MindEye: fMRI-to-Image with Contrastive Learning

What are they doing?

The authors found a way to retrieve and reconstruct images from brain signals (FMRI). The 2 aspectes i.e retrieval and reconstruction are handled by 2 different modules.

  1. For retrieval, they use contrastive learning.
  2. For reconstruction, they use diffusion.

Note that retrieval means mapping FMRI signals to a useful embedding space like that of CLIP image emebddings. Which can be used for similarity-search type tasks.

Key insights:

  1. Using really big linear layers do not lead to overfitting, instead it directly improve the model’s performance. (I believe this is for the retrieval part)
  2. A bidirectional version of mixup contrastive data augmentation improves model performance in a low-sample setting (like that of ours)
  3. CLIP embeddings are not good at holding perceptual information (like locations of objects, colors etc). This is because CLIP image encoders were trained to maximise similarity with text.
  4. To solve the problem that arises in (3), the authors also build a low-level pipeline which preserves low level perceptual information, which would be useful for reconstruction.
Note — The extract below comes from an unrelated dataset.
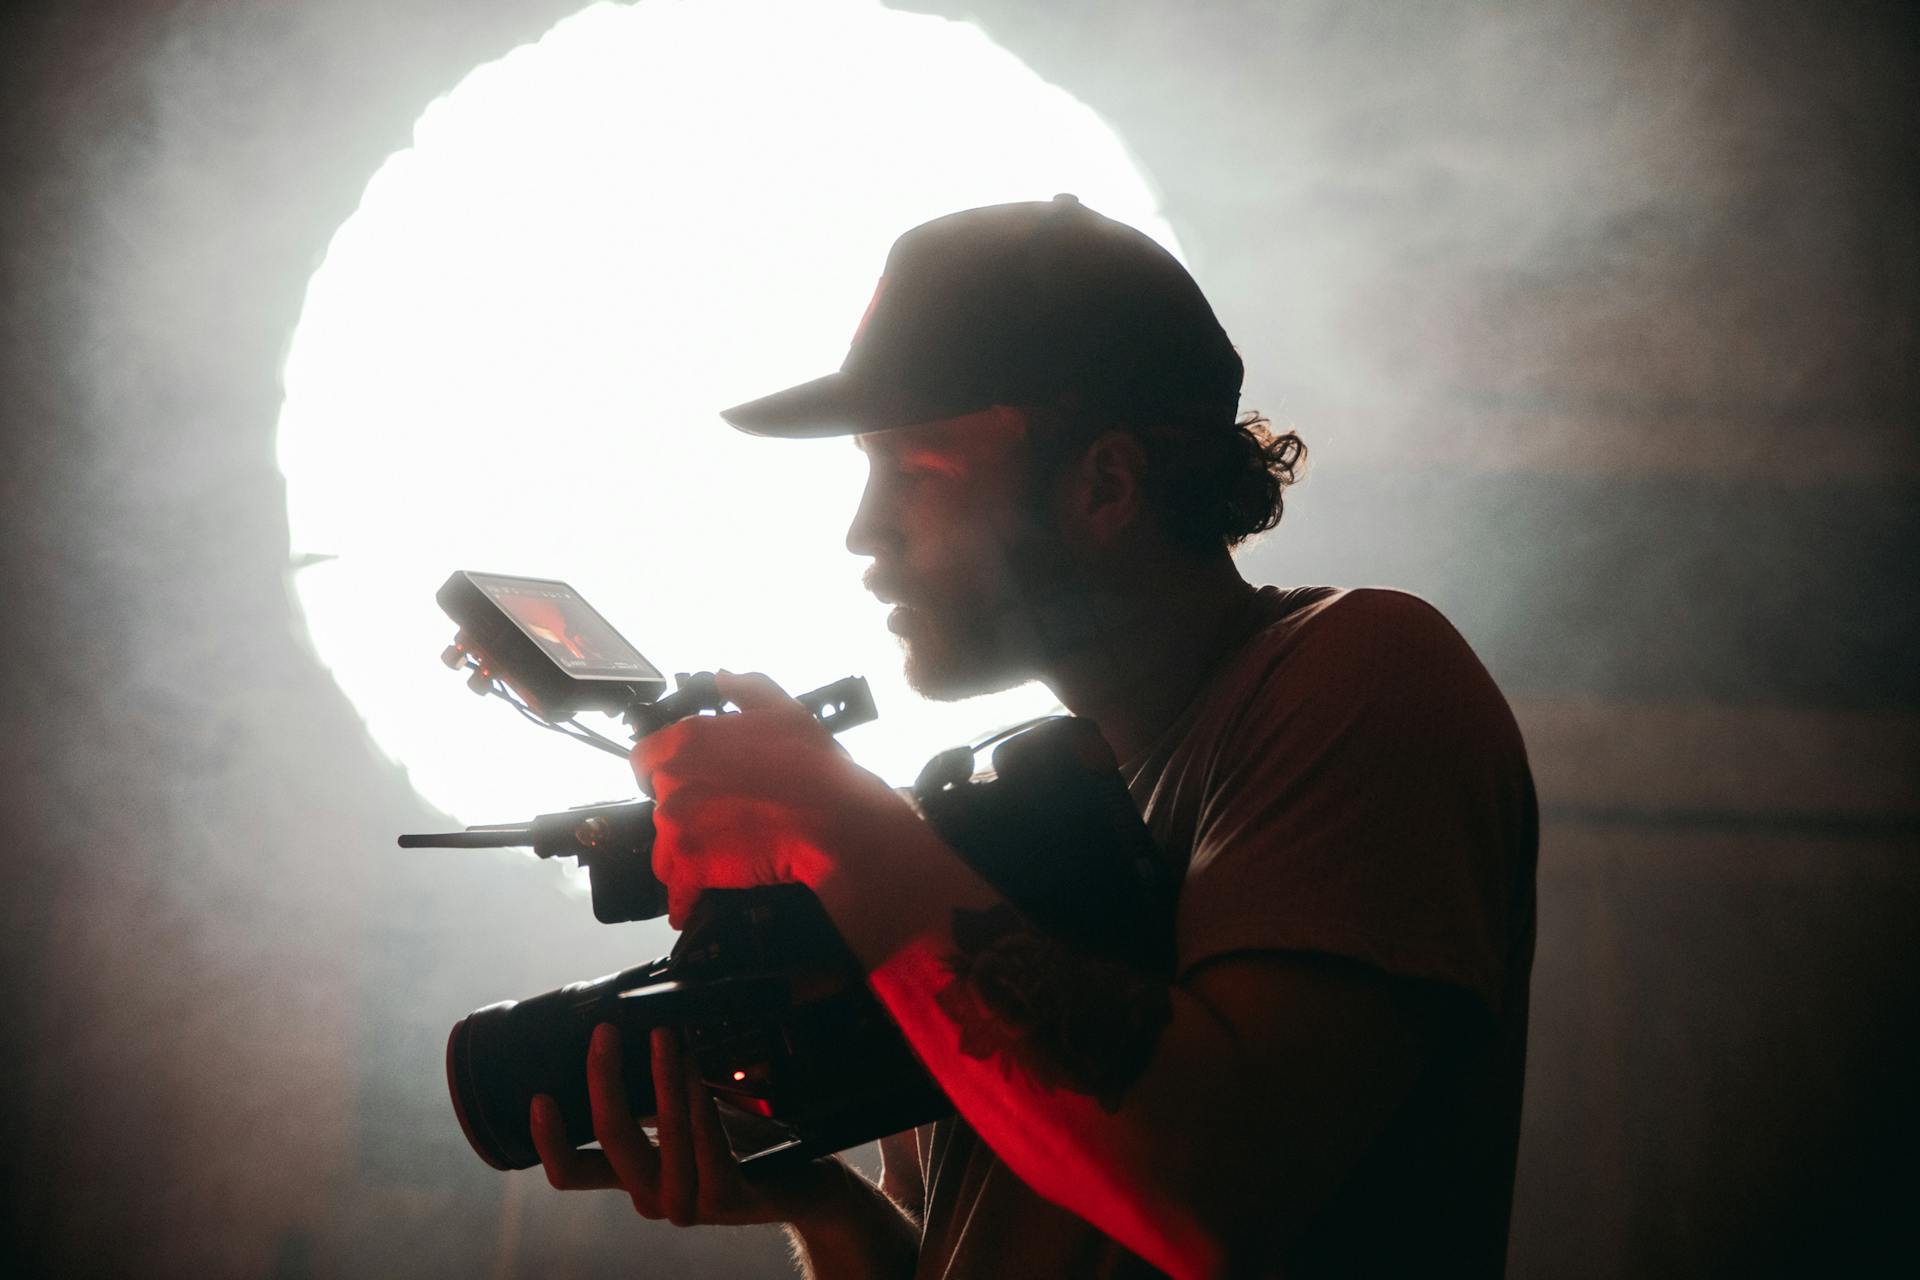 Man wearing a cap is focused on a camera while filming. He is front lit in red with a bright white backlight.

Other important things - All of their models are trained on a single A100 GPU with a batch size of 32 - They used the Natural Scenes dataset.

Contrastive training

  1. They use CLIP-loss as their training objective.
  2. They use fancy techniques like:

Things that I do not understand well:

What is Mixup?

Traditional deep-learning trains a model F(x) to return a y such that it is as close to the label as possible.

So if there’s a dataset with 2 samples, say [(x1, l1) and (x2,l2)] then we train our models on only these 2 datapoints and nothing else.
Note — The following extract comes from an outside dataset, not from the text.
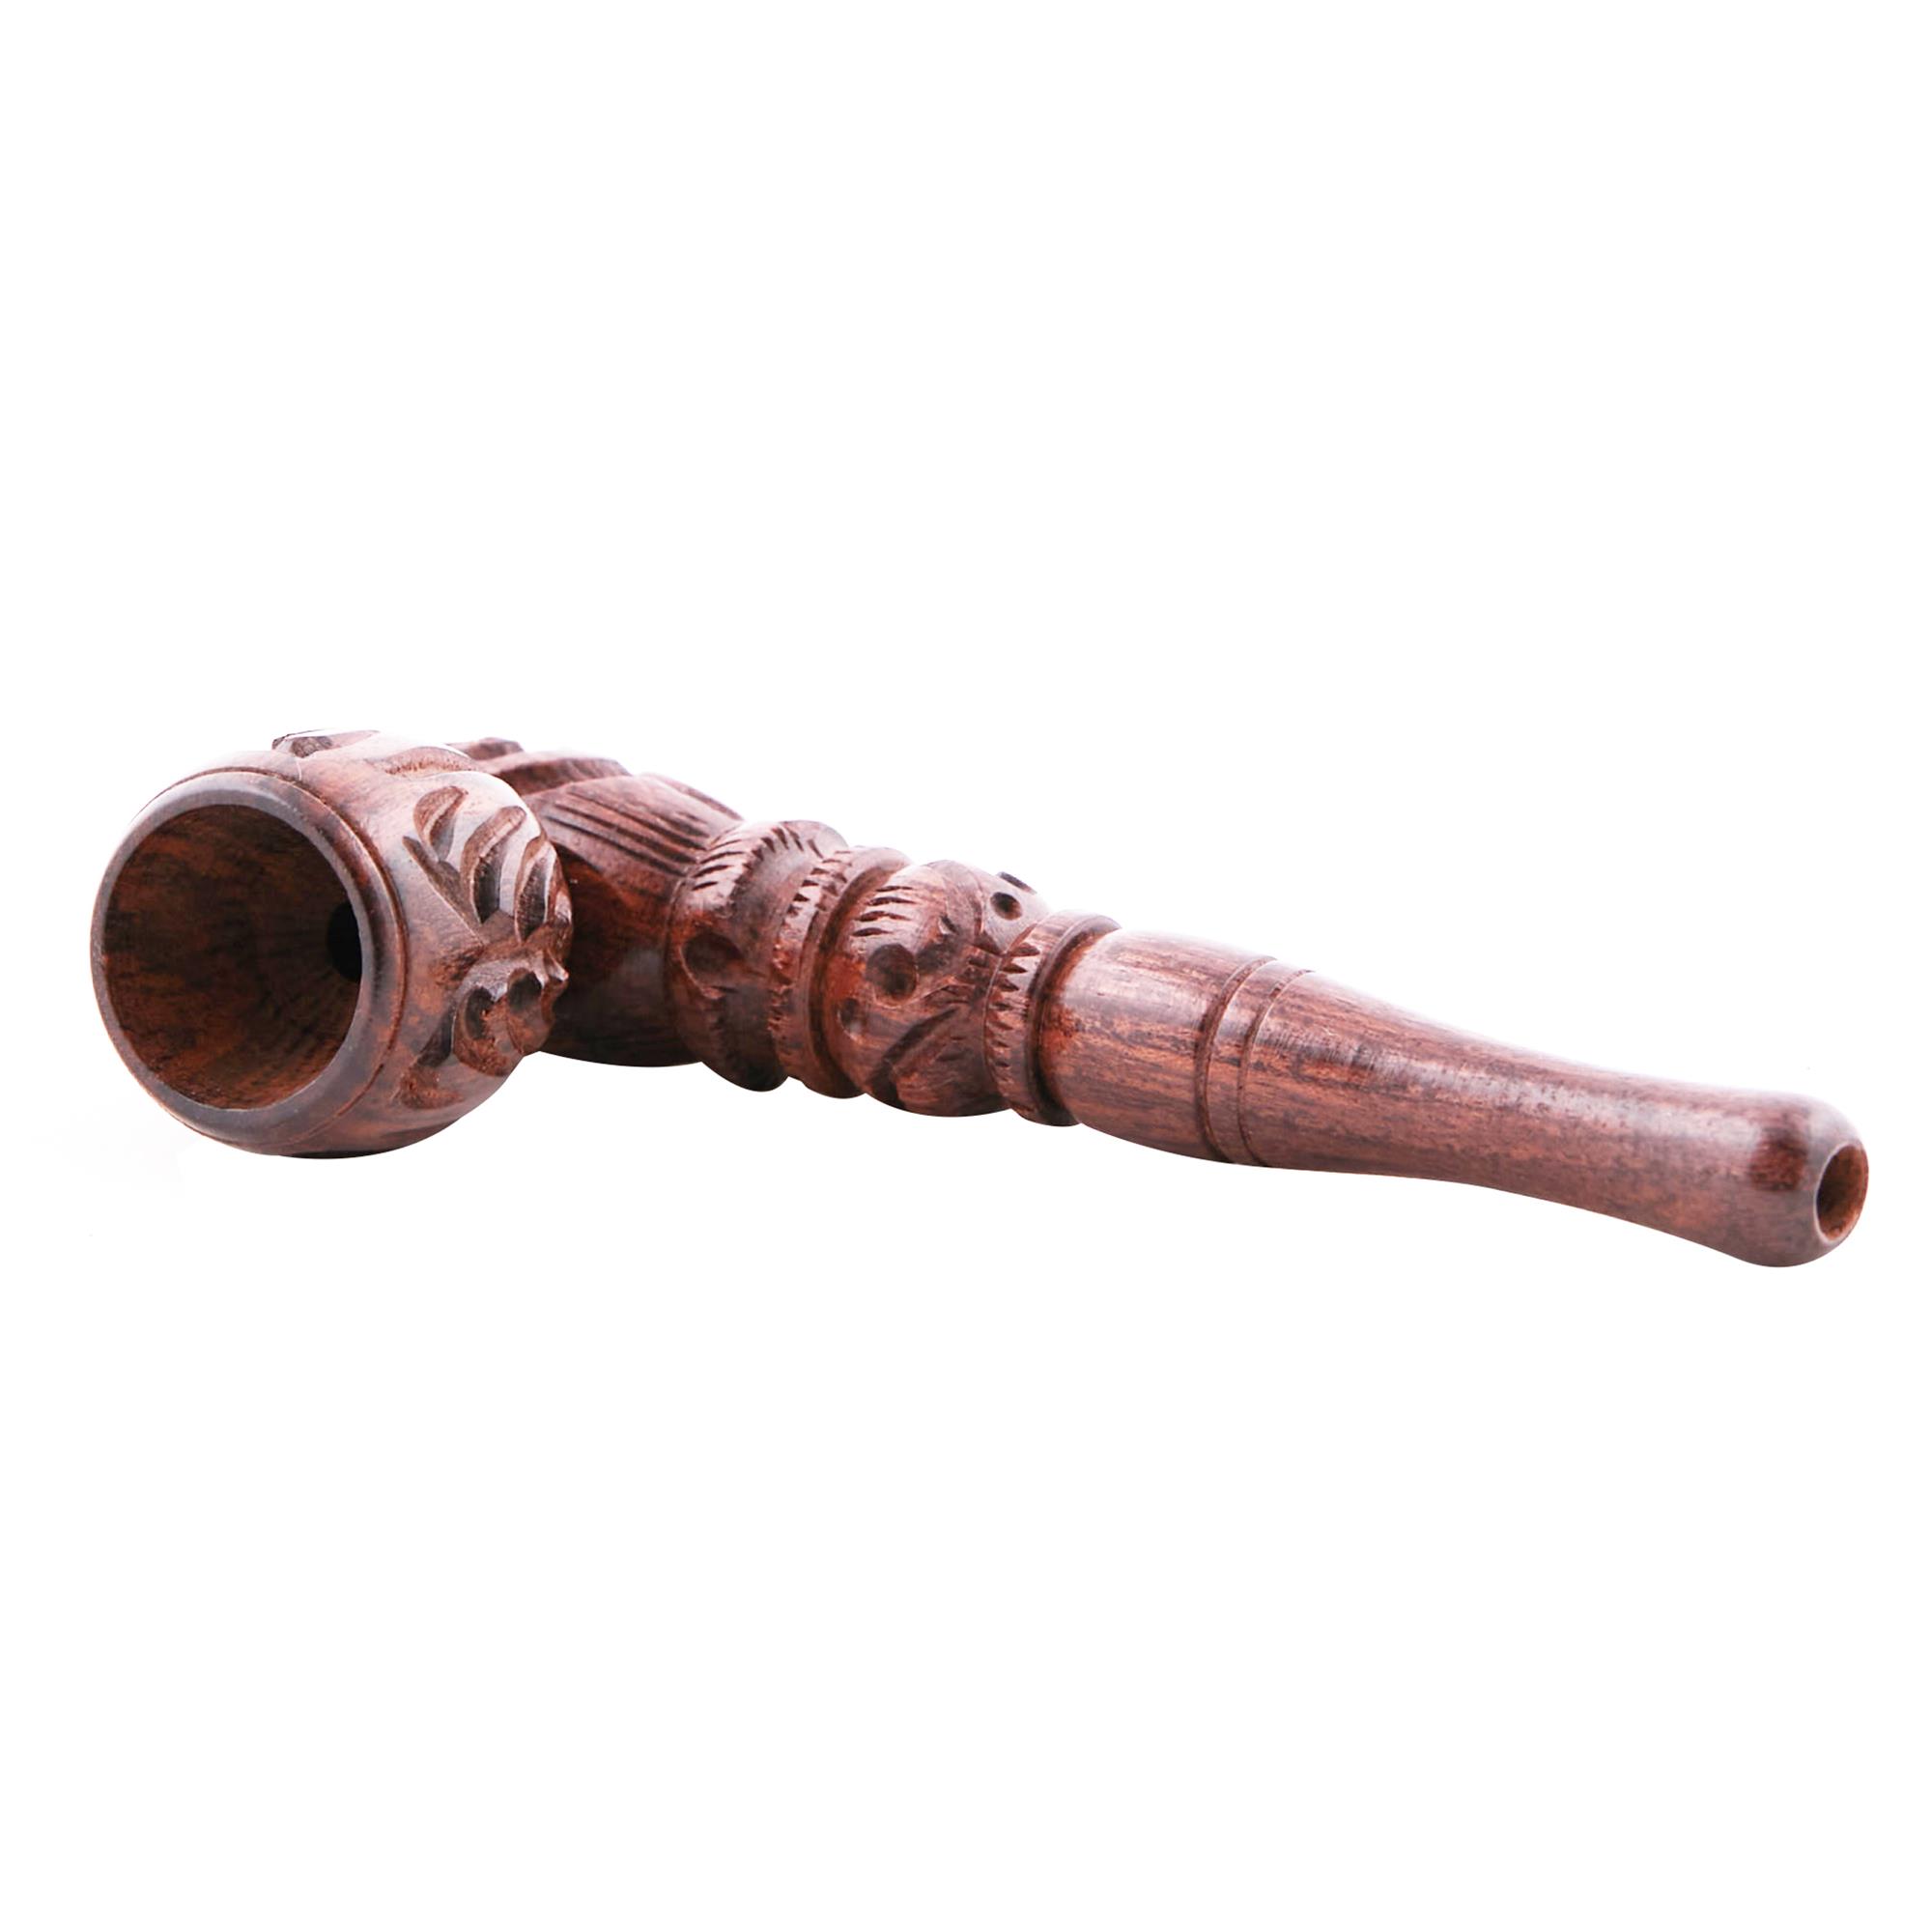 COMMON ASH WOOD PIPE

But in Mixup, we train not only on the 2 dataset samples that we have, but also on N datapoints which lie “in between” x1 and x2. We also interpolate the labels accordingly as we do this.

What is MixCo?

In contrastive learning, we train a model to embed the representations of differently augmented versions of the same image (positive pair) to be similar, while making them dissimilar if they came from different images (negative pair).

MixCo extends the idea of mixup to the domain of contrastive training objectives.

We “mix” images by generating semi-positive pairs since the images before mixing are originally negative pairs of each other.